Add Triton sidenote and minor grammar fix in Pallas Puzzles post

vorushin · claude · vorushin · commit 2a475ddf2d02 · 2026-02-27T14:04:00.000+01:00
Co-Authored-By: Claude Opus 4.6 &lt;noreply@anthropic.com&gt;
diff --git a/_posts/2026-02-27-pallas-puzzles.md b/_posts/2026-02-27-pallas-puzzles.md
@@ -9,9 +9,10 @@ permalink: /blog/pallas-puzzles
 **tl;dr.** {% include github-link.html repo="vorushin/pallas_puzzles" %} - JAX's kernel language puzzles
 </div>
 
-[Pallas](https://docs.jax.dev/en/latest/pallas/index.html) is JAX's kernel language for writing custom operations that run on TPU. Pallas for TPUs is what [Triton](https://triton-lang.org/) is for GPUs. The kernels are written to speed up model training and inference - the kernel languages provide low-level access to the hardware, allowing you to perform optimizations outside of the compiler's reach.

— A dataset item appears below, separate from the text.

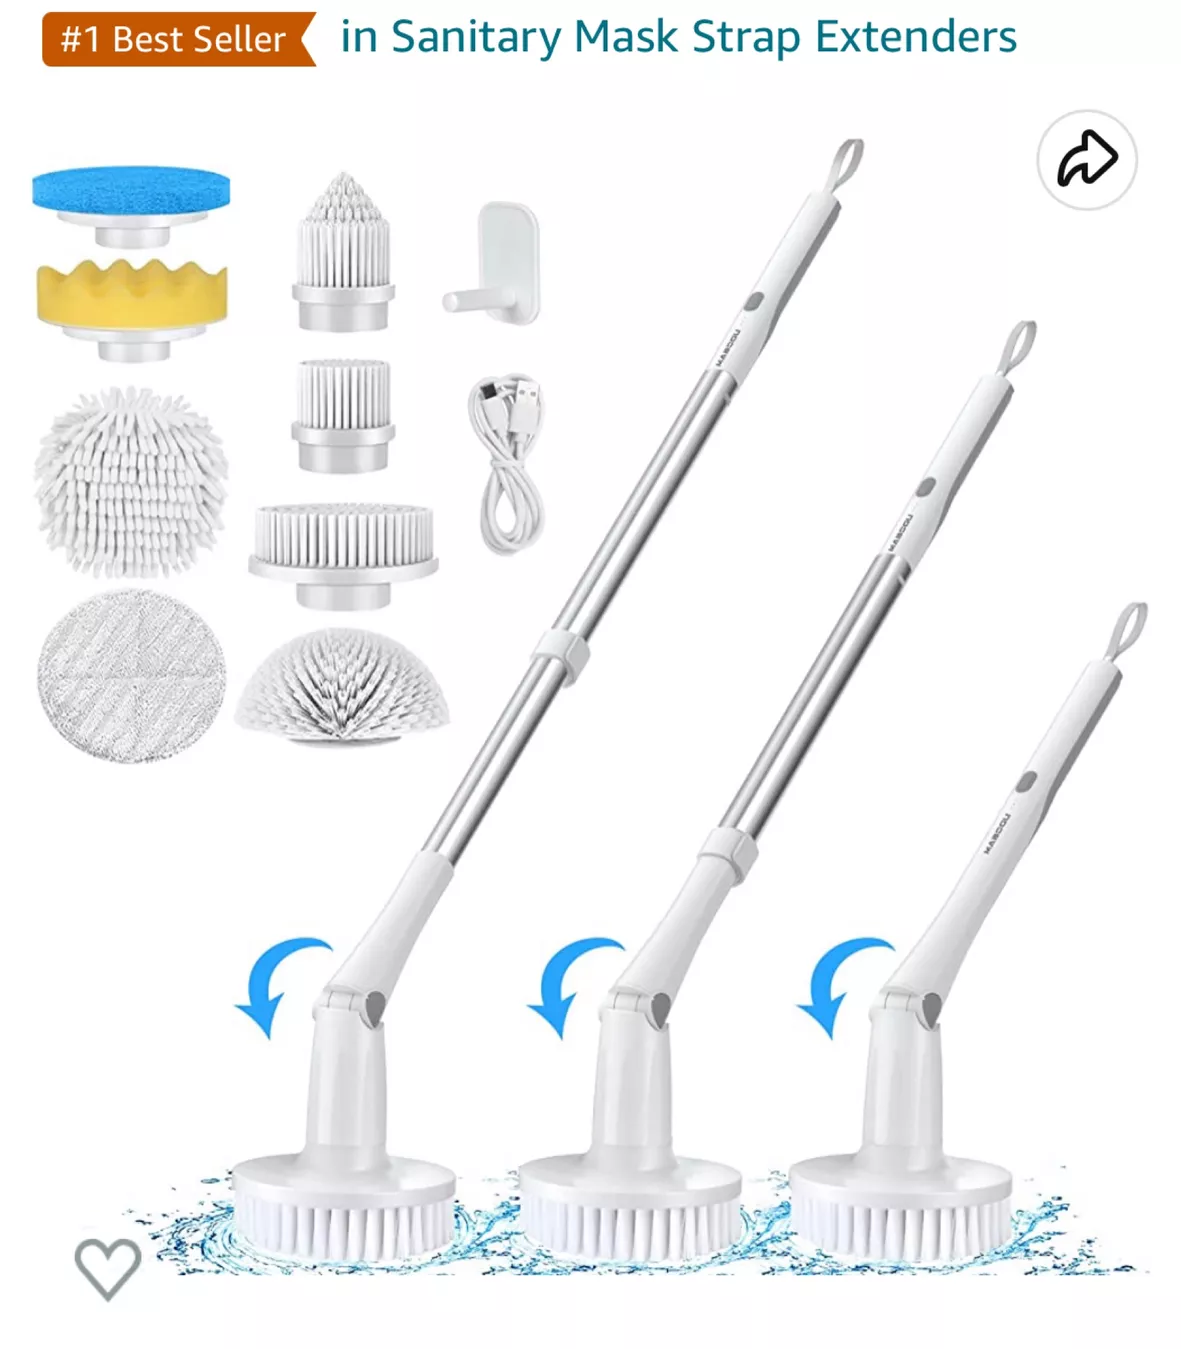 Electric Spin Scrubber, Cordless Cleaning Brush with 8 Replaceable
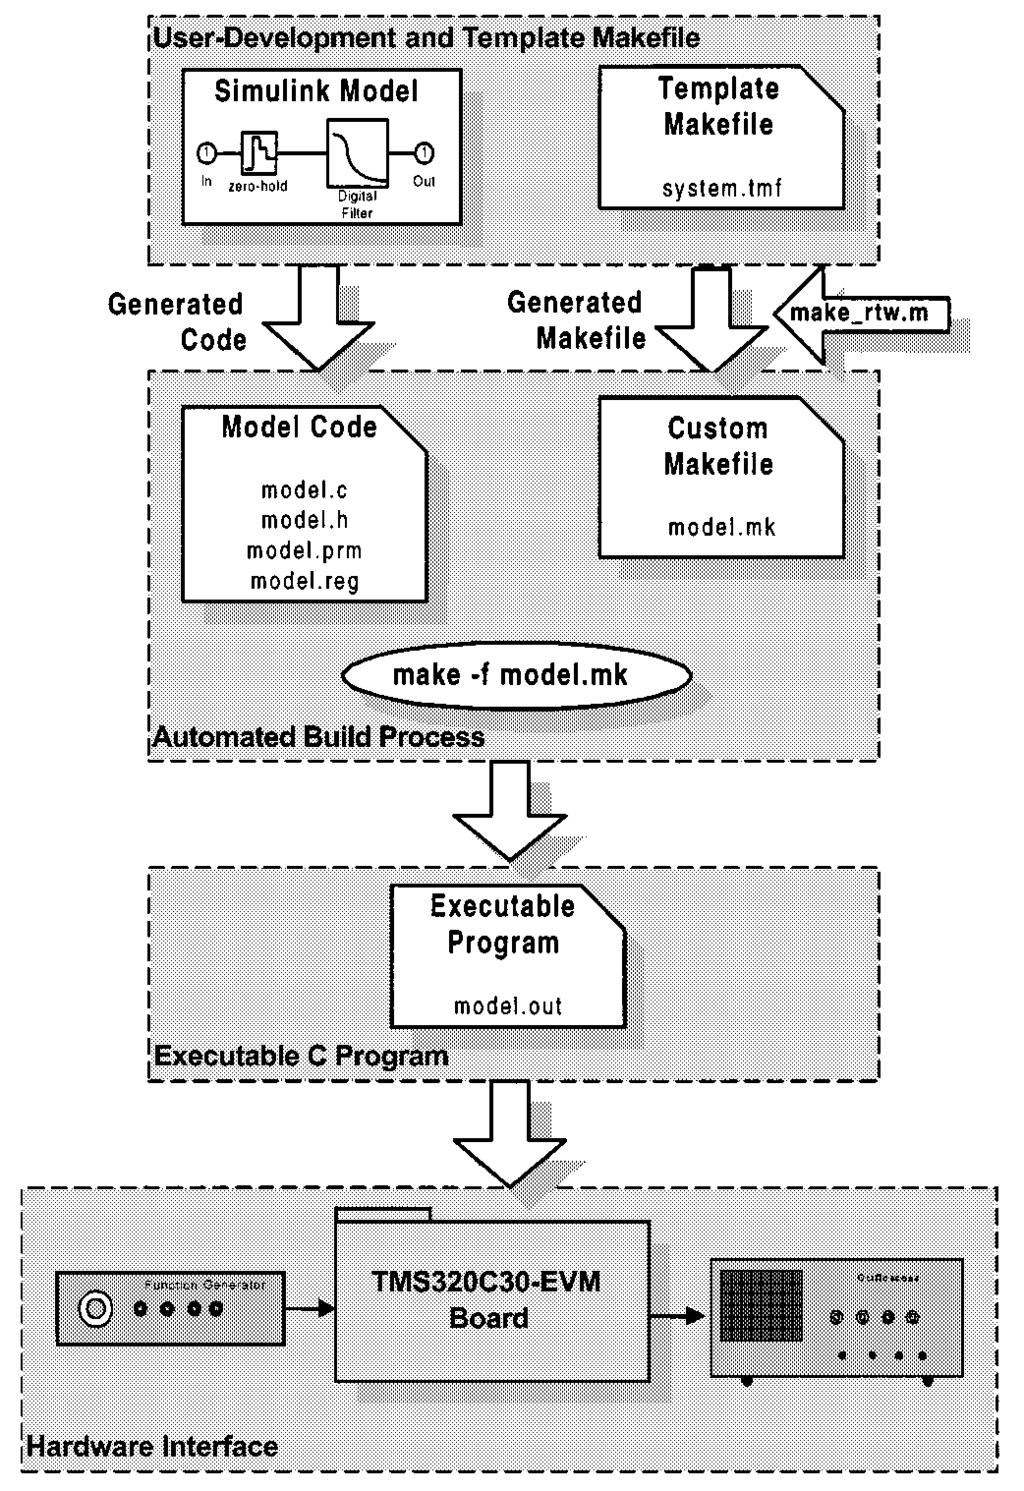 GAN et al.: RAPID PROTOTYPING SYSTEM FOR TEACHING REAL-TIME DIGITAL SIGNAL PROCESSING 21 Fig. 4. Make utility flow diagram. Fig. 3. The automatic build process for a real-time system.

Tri Dao[^tri_dao] made his name by developing efficient kernels, you've probably heard of FlashAttention[^flash].
+[Pallas](https://docs.jax.dev/en/latest/pallas/index.html) is JAX's kernel language for writing custom operations that run on TPU. Pallas for TPUs is what Triton[^triton] is for GPUs. The kernels are written to speed up model training and inference - the kernel languages provide low-level access to the hardware, allowing you to perform optimizations outside of the compiler's reach. Tri Dao[^tri_dao] made his name by developing efficient kernels, you've probably heard of FlashAttention[^flash].
 
-[^tri_dao]: [Tri Dao](https://tridao.me/) — I highly recommend reading his papers and digging into his code.
+[^triton]: [Triton](https://triton-lang.org/) — GPU kernel language created by Philippe Tillet, Harvard.
+[^tri_dao]: [Tri Dao](https://tridao.me/) — I highly recommend reading his papers and digging into his code. I don't know if it's a coincidence that TRIton and TRI Dao share the prefix.
 [^flash]: GitHub repo: [Dao-AILab/flash-attention](https://github.com/Dao-AILab/flash-attention) and [FlashAttention: Fast and Memory-Efficient Exact Attention with IO-Awareness](https://arxiv.org/abs/2205.14135) on arXiv.
 
 The efficiency gains don't come for free - the kernel implementations look complex and intimidating for many people. Kernels are optimized for specific hardware and have sophisticated tuning tools. There used to be an attitude that only experts touch Triton/Pallas kernels, but it's not true anymore in 2026[^heinlein] - new agentic coding tools allow you to run experiments requiring changes in the whole stack: from data preparation to modeling changes, to training and inference kernels, to post-training algos, to agentic harnesses around the model candidates. To be able to guide the agents in this full stack setup one has to know the fundamentals of the most important components, or be able to learn them quickly.